Crystal ball gazing in 2014 helped us to understand that if we were to expand our agricultural projects beyond the successes in Managhat and in to more communities we would need agriculturally trained staff on the team.
So we interviewed candidates from Waangwaray, Managhat and Malangi communities and selected 4 young men to send on a 2 year course on Livestock and Agriculture for Livestock course at the Agricultural Institute in Bacho.
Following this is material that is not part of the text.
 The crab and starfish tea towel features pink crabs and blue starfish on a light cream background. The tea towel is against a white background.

The 4 students completed their training in November 2016 and Mr Marceli, our agricultural officer, then enhanced their knowledge by training them on crop and vegetable growing until then were ready to take on the mantel of a CASO in their own community. The 4th CASO has taken on responsibility for the edible gardens programme and will take on the tree project with Mr Marceli when it gets funding.
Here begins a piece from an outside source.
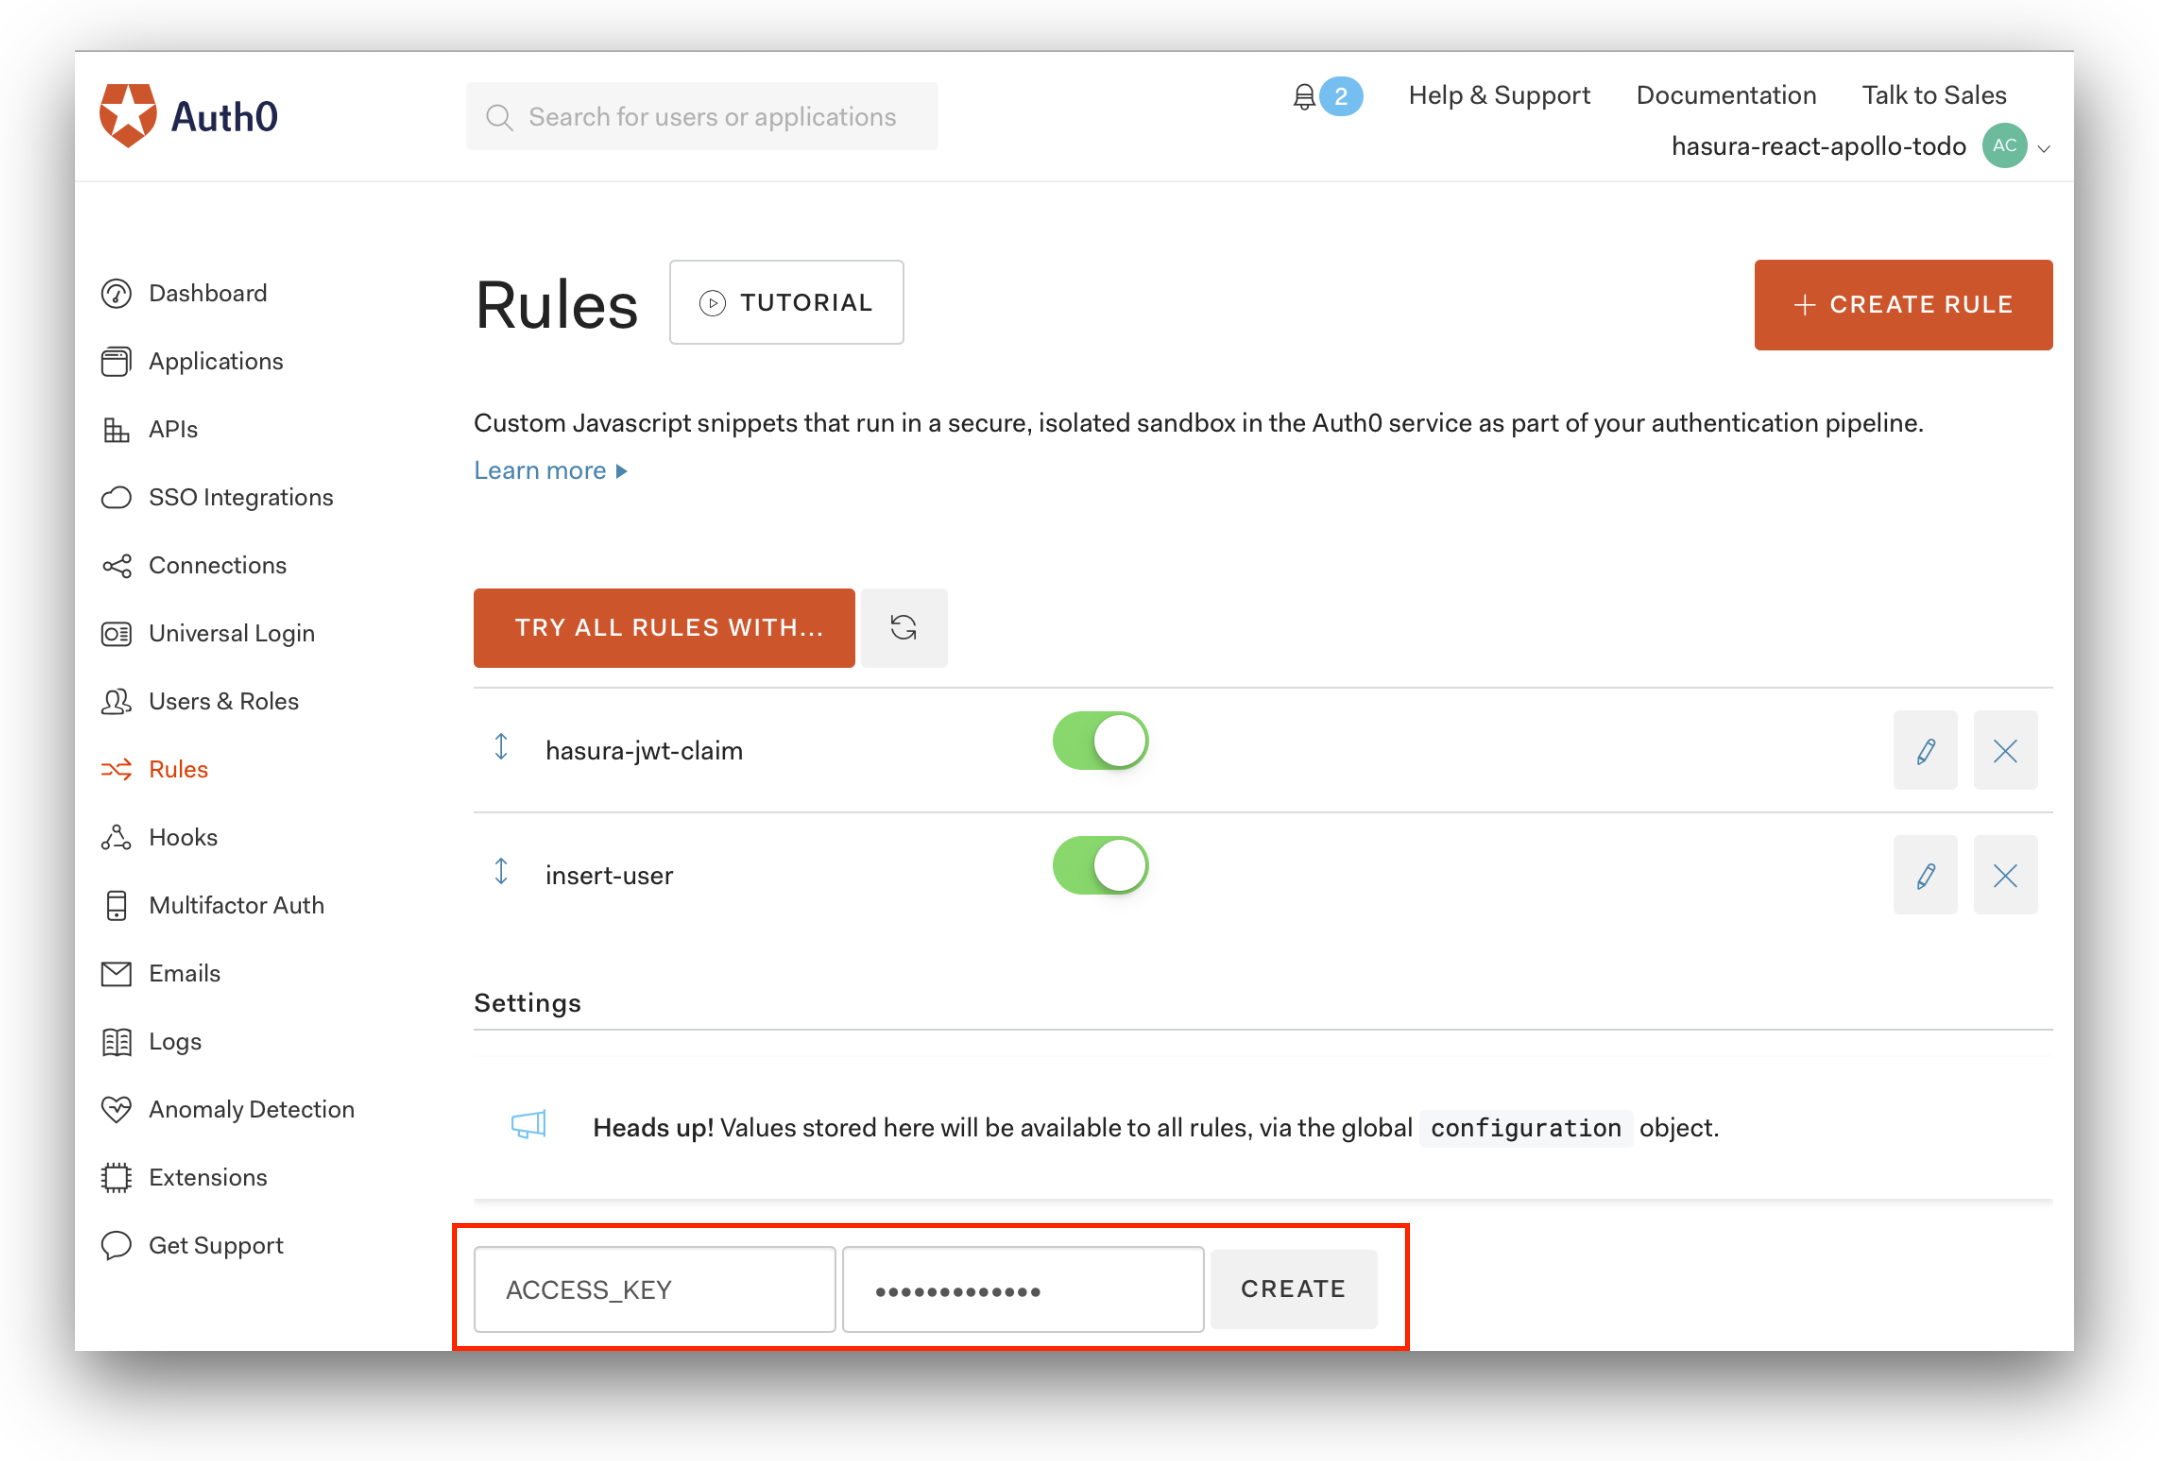 Configuring the Rules Settings in the Auth0 Dashboard

Mr Marceli is a hugely knowledgeable farmer and a great trainer but he is not a man-manger nor one for the paper work and is close to retirement age. So we decided to recruited an Agricultural Farm Manager called Robbie to start of the succession planning. He job is to manage the team, document the training, liaise with the community leaders and those being training. It is a big job that is only going to get bigger so we are delighted to have him on board.
Training are hugely motivated and proud to be able to share their knowledge with their community and have now begun to do so. So welcome to the team.
By providing training to local farmers the CASO's are able to help the farmers improve their yields and diversify their farming activities and be so doing improve their income security. However most of the farmers will always be dependant on rainfall. Farmers we have trained in Managhat have been able to afford to save crops back either to sell at a higher price or to keep in case the rains fail this year, which they mostly have. In previous years this would not have happened and the farmers would have sold their crops as soon as harvesting them. This is a position we want all farmers to be in.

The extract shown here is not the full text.